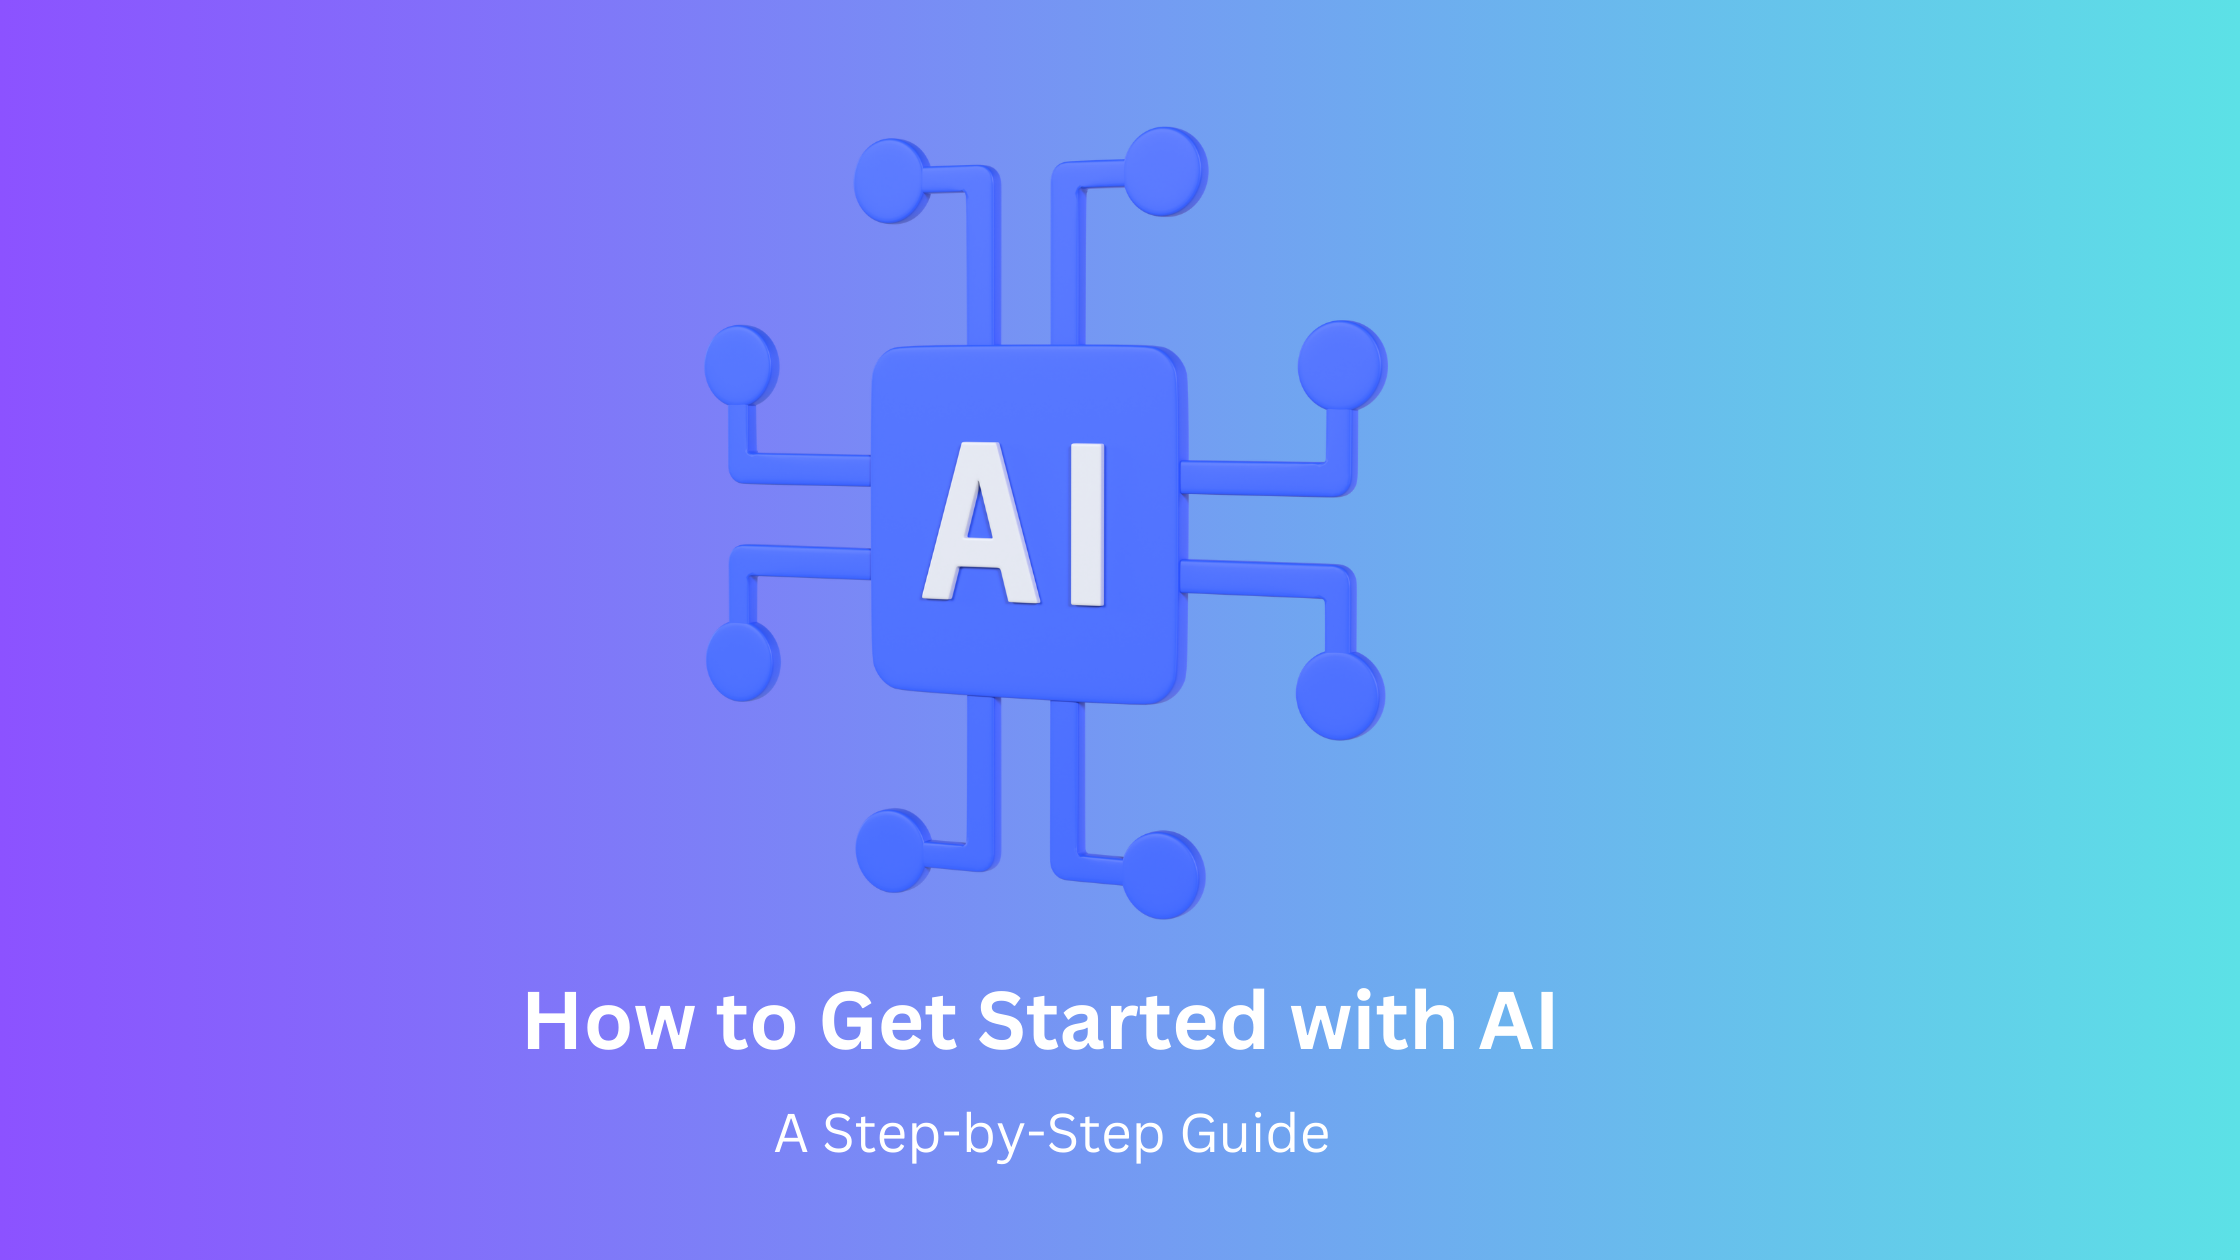 How to Get Started with Artificial Intelligence
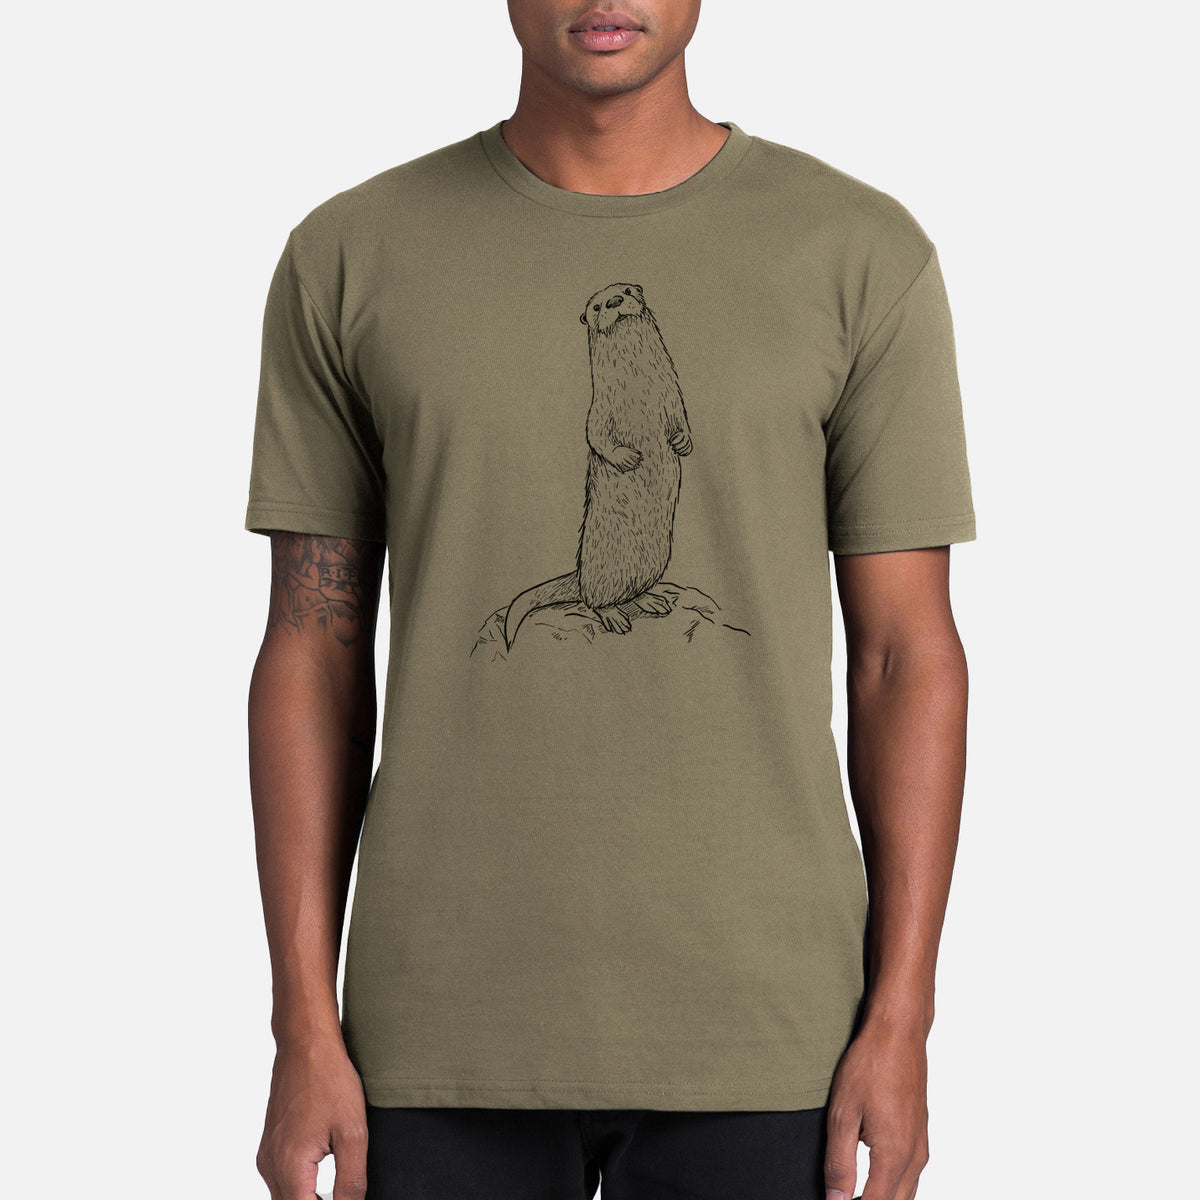 North American River Otter - Lontra canadensis - Mens Everyday Staple Tee
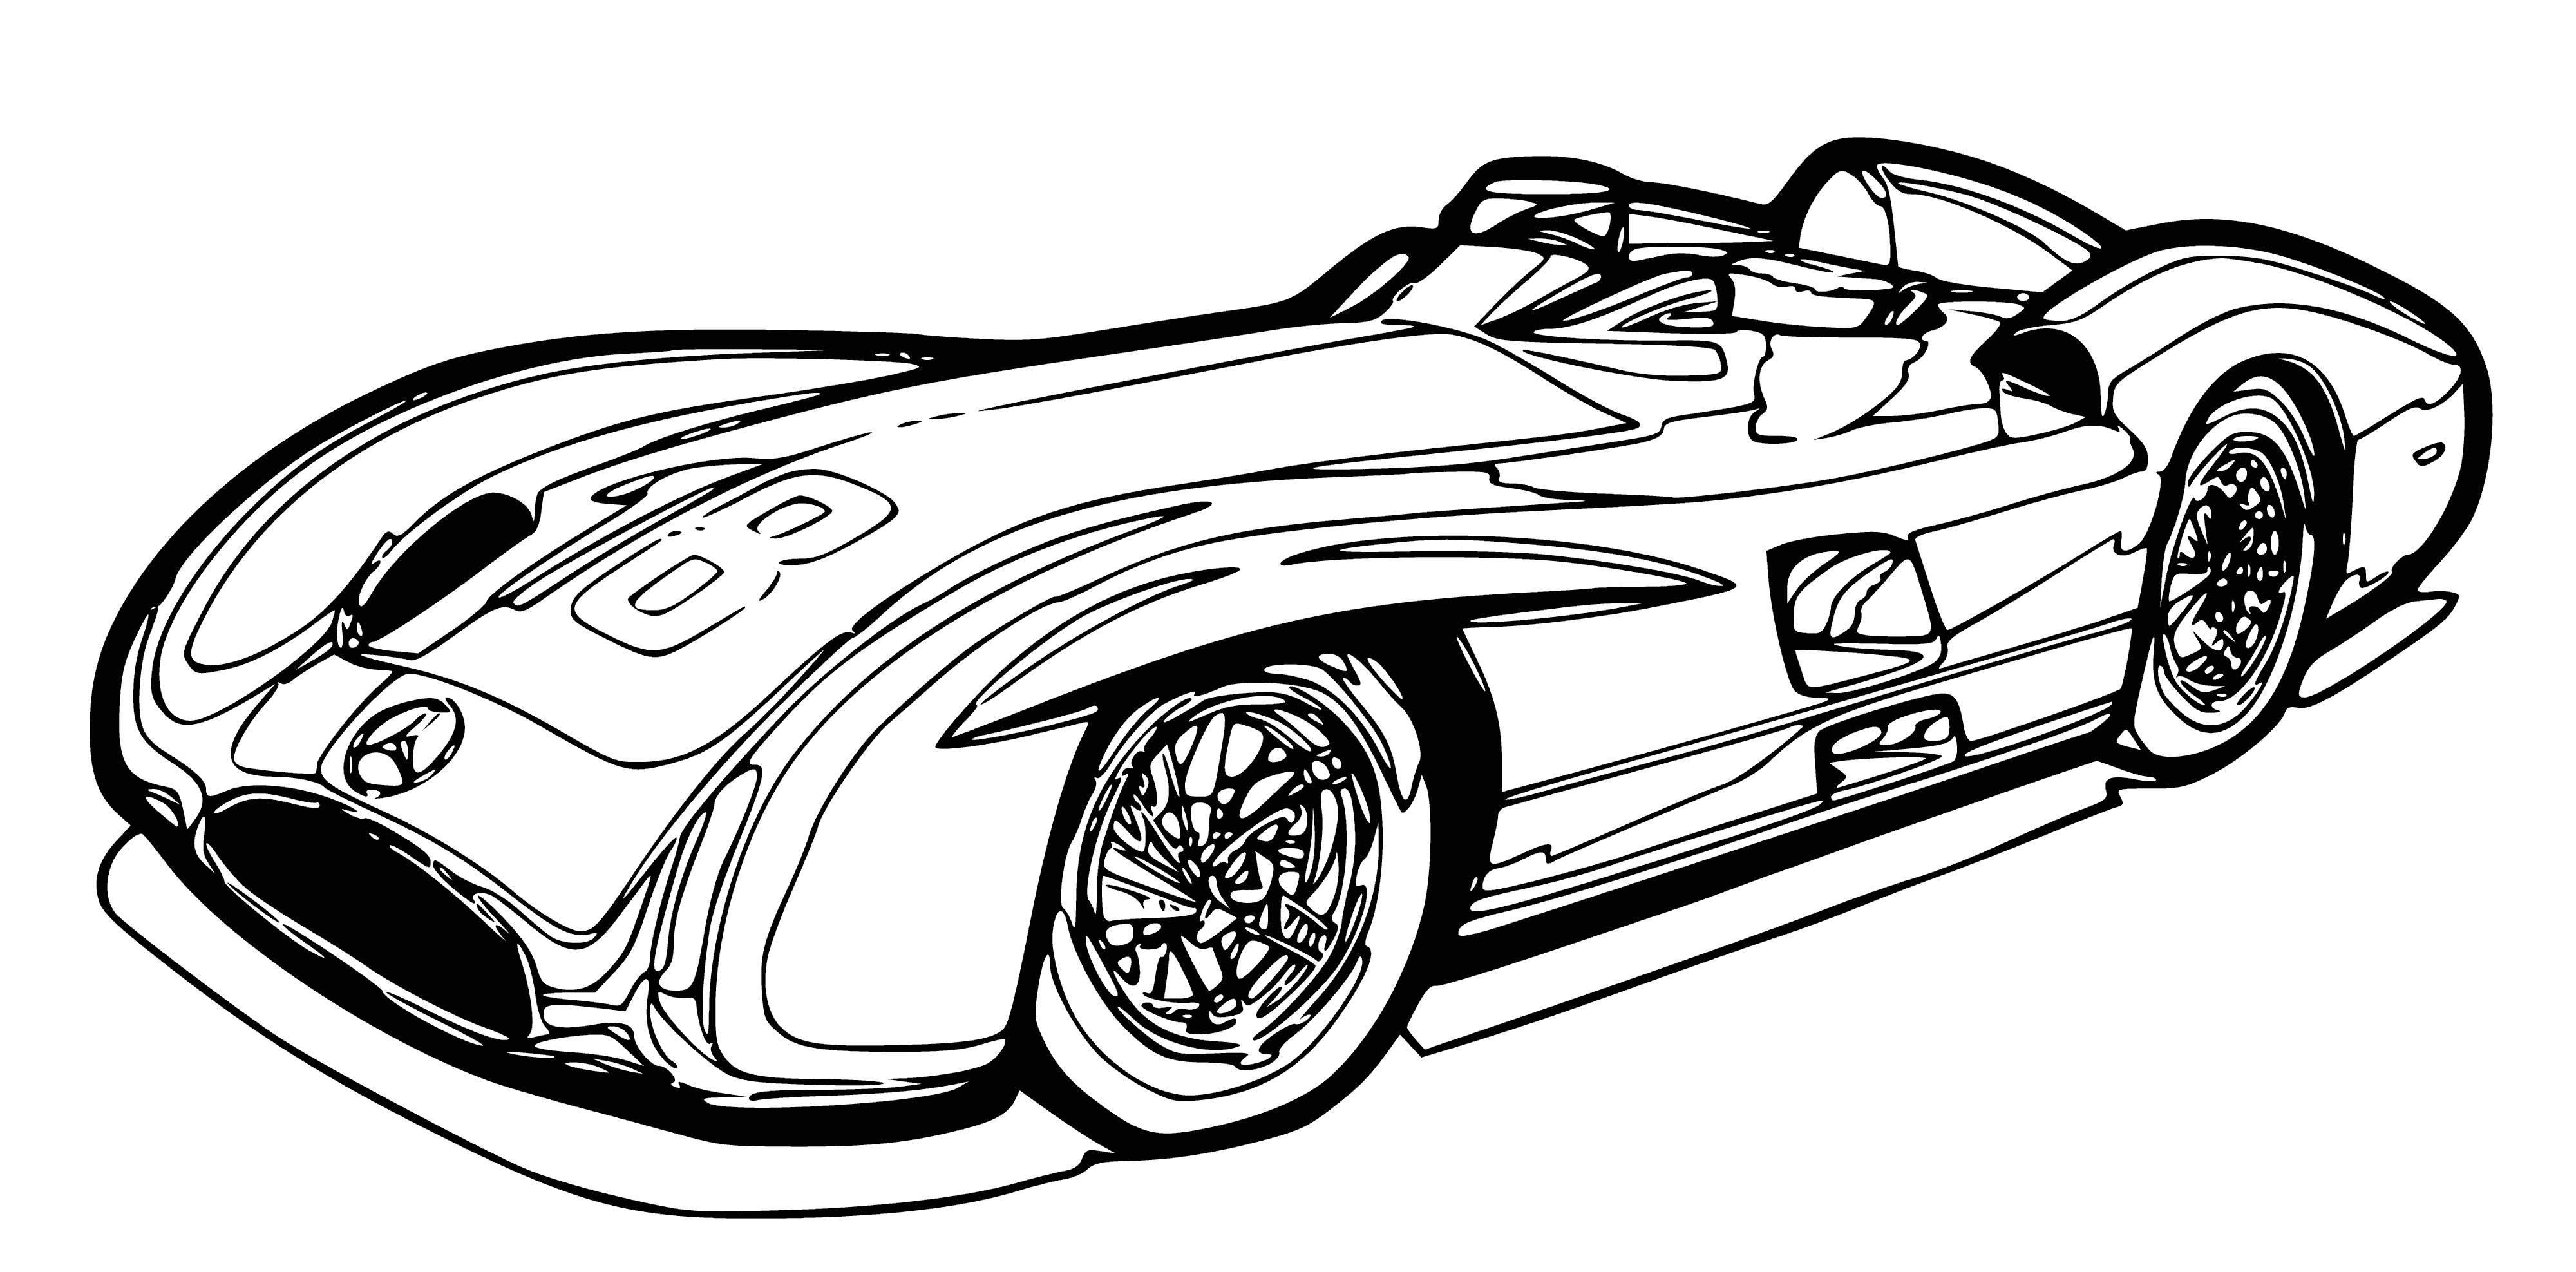 1954 coloring page

- _WHAT TO DO_
Print the material above word for word, and keep the pictures out of it.

- _ANSWER BOX_
 How to Get Started with Artificial Intelligence
 North American River Otter - Lontra canadensis - Mens Everyday Staple Tee
 1954 coloring page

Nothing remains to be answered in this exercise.